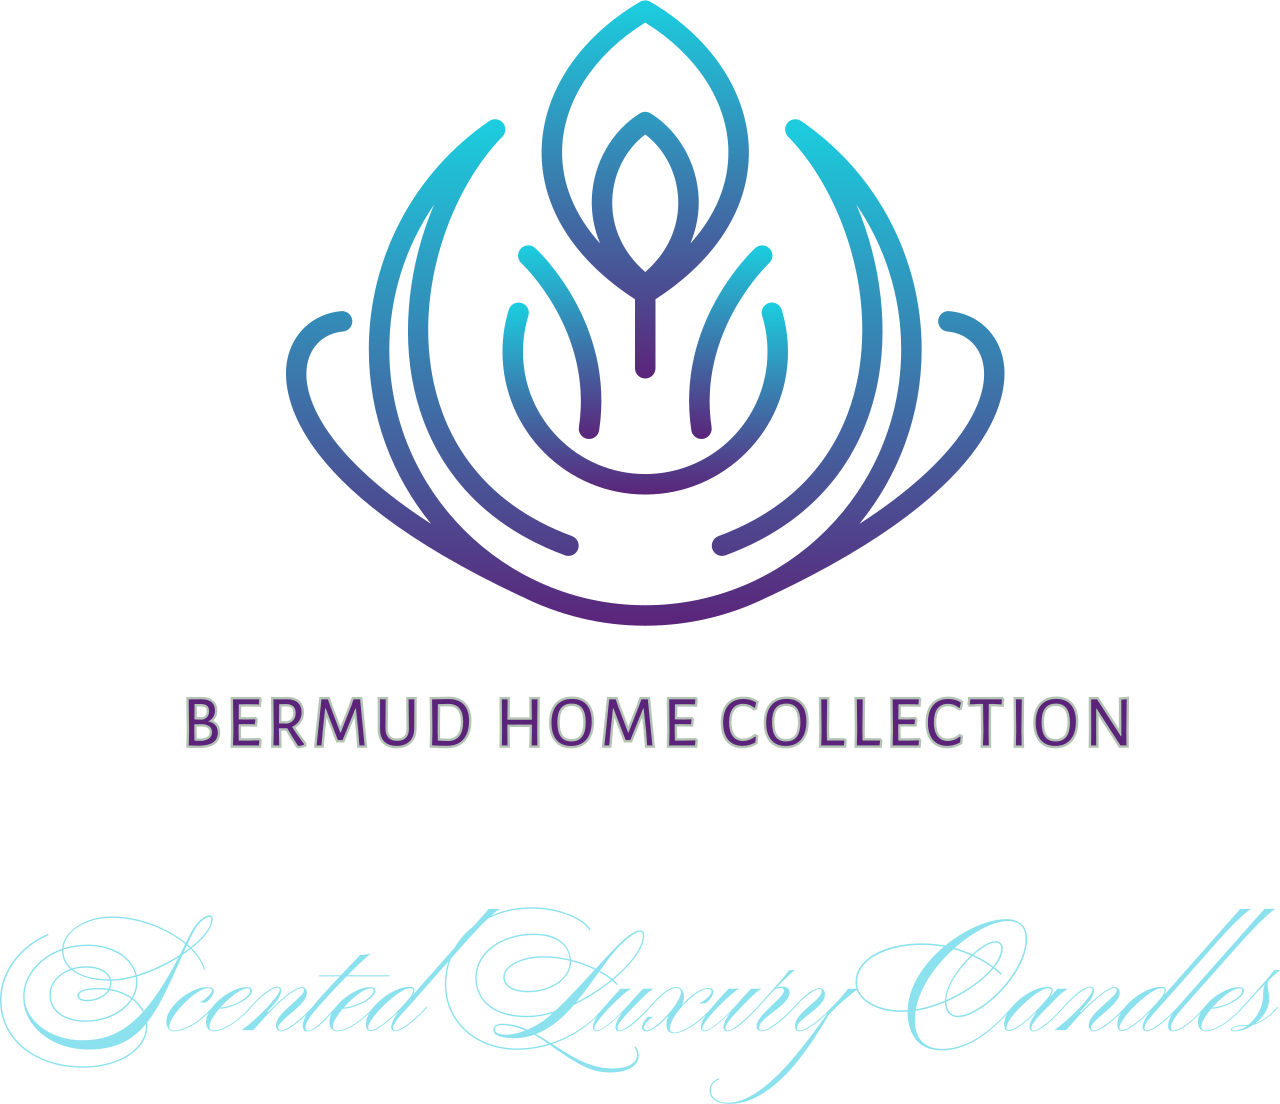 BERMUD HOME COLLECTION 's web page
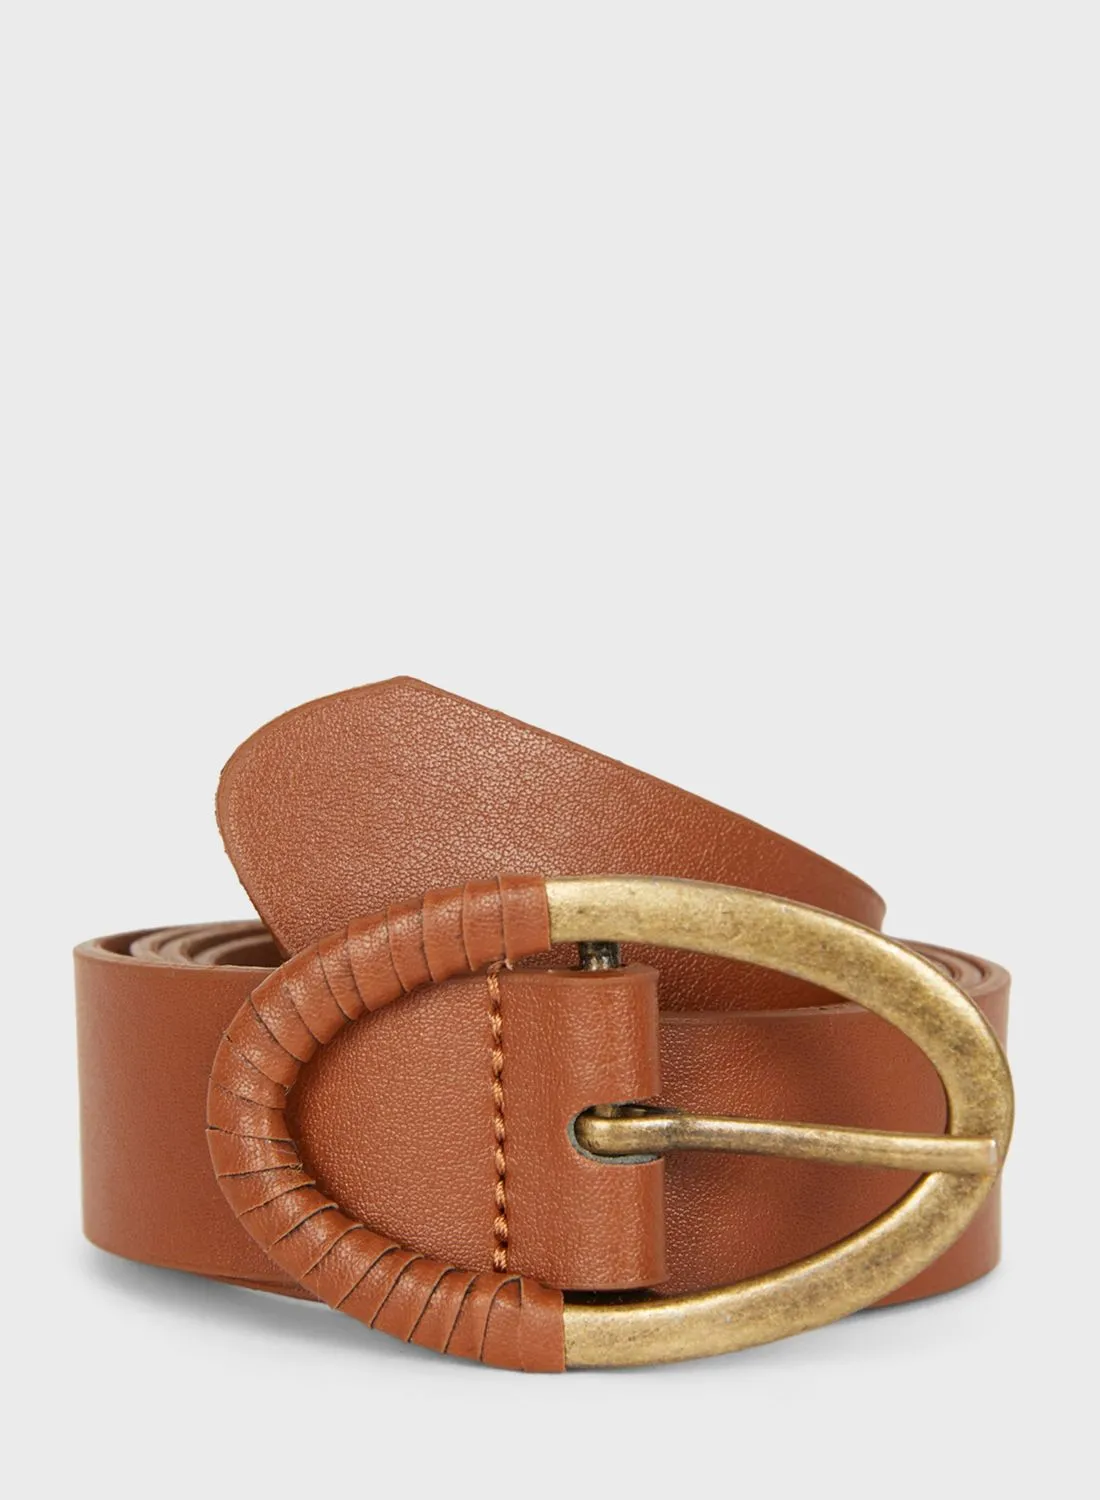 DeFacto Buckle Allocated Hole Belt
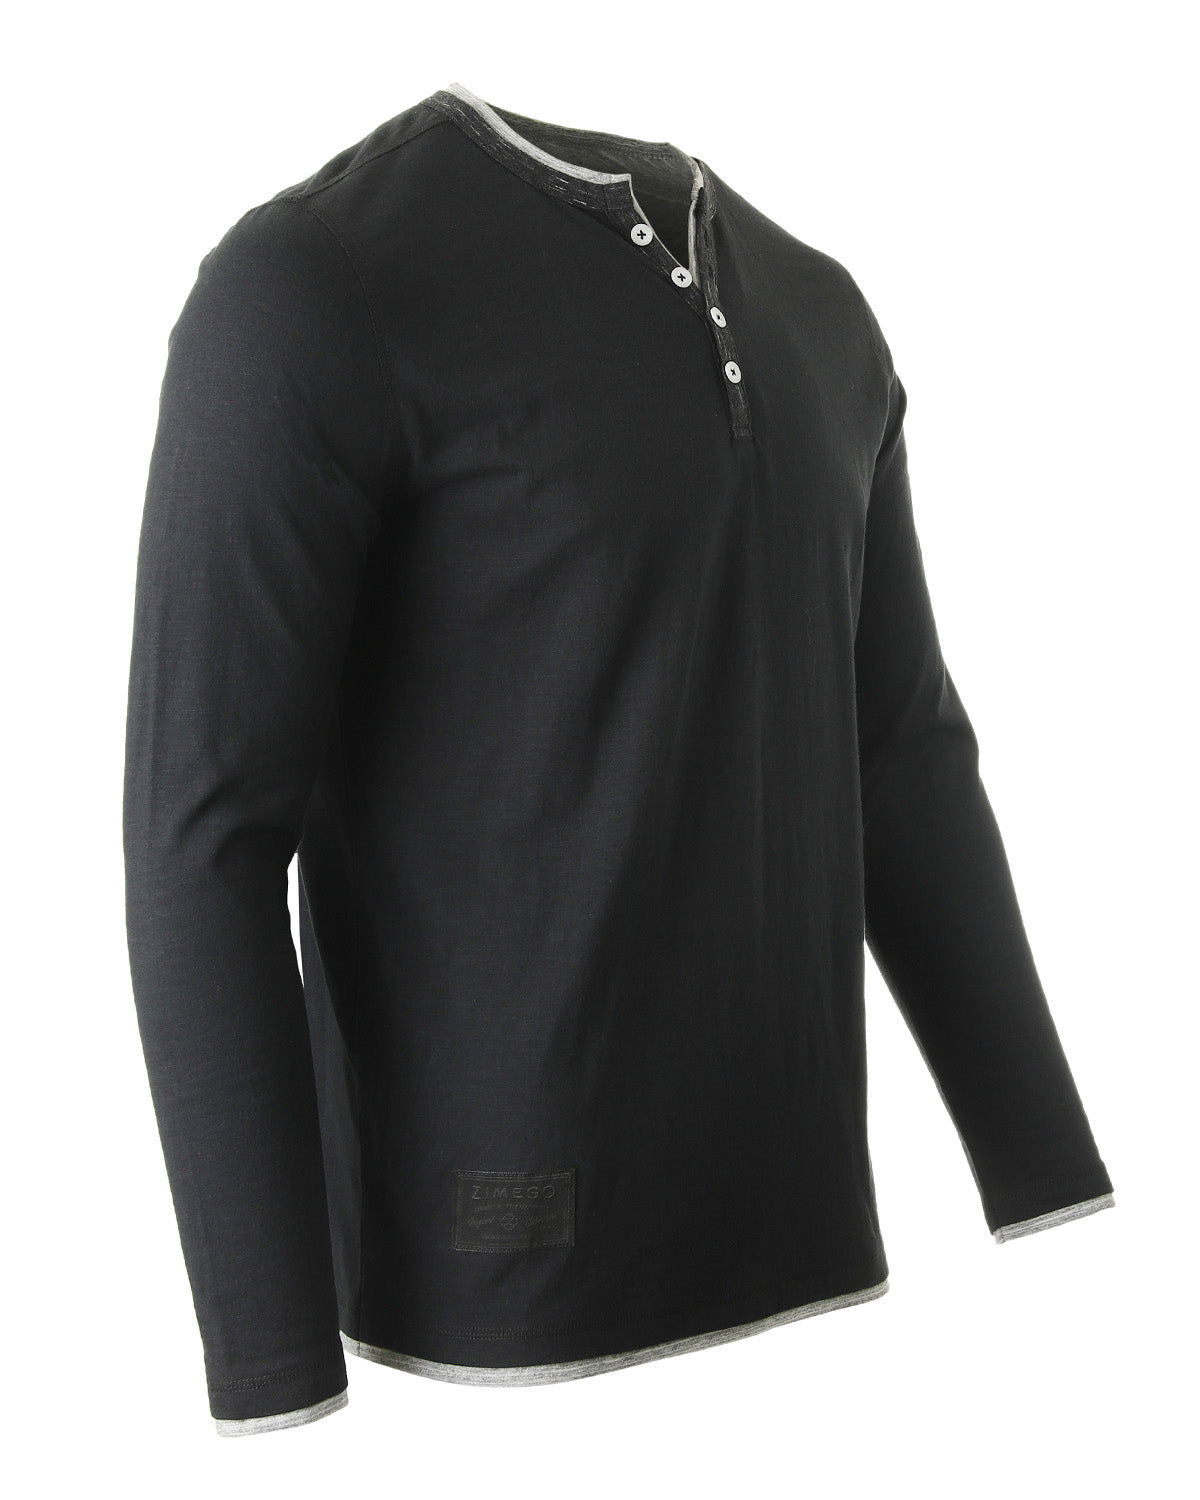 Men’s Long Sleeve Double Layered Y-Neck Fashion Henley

==============================

Output the data verbatim, images excluded.

## EXERCISE RESULT:
 BERMUD HOME COLLECTION 's web page
 DeFacto Buckle Allocated Hole Belt
 Men’s Long Sleeve Double Layered Y-Neck Fashion Henley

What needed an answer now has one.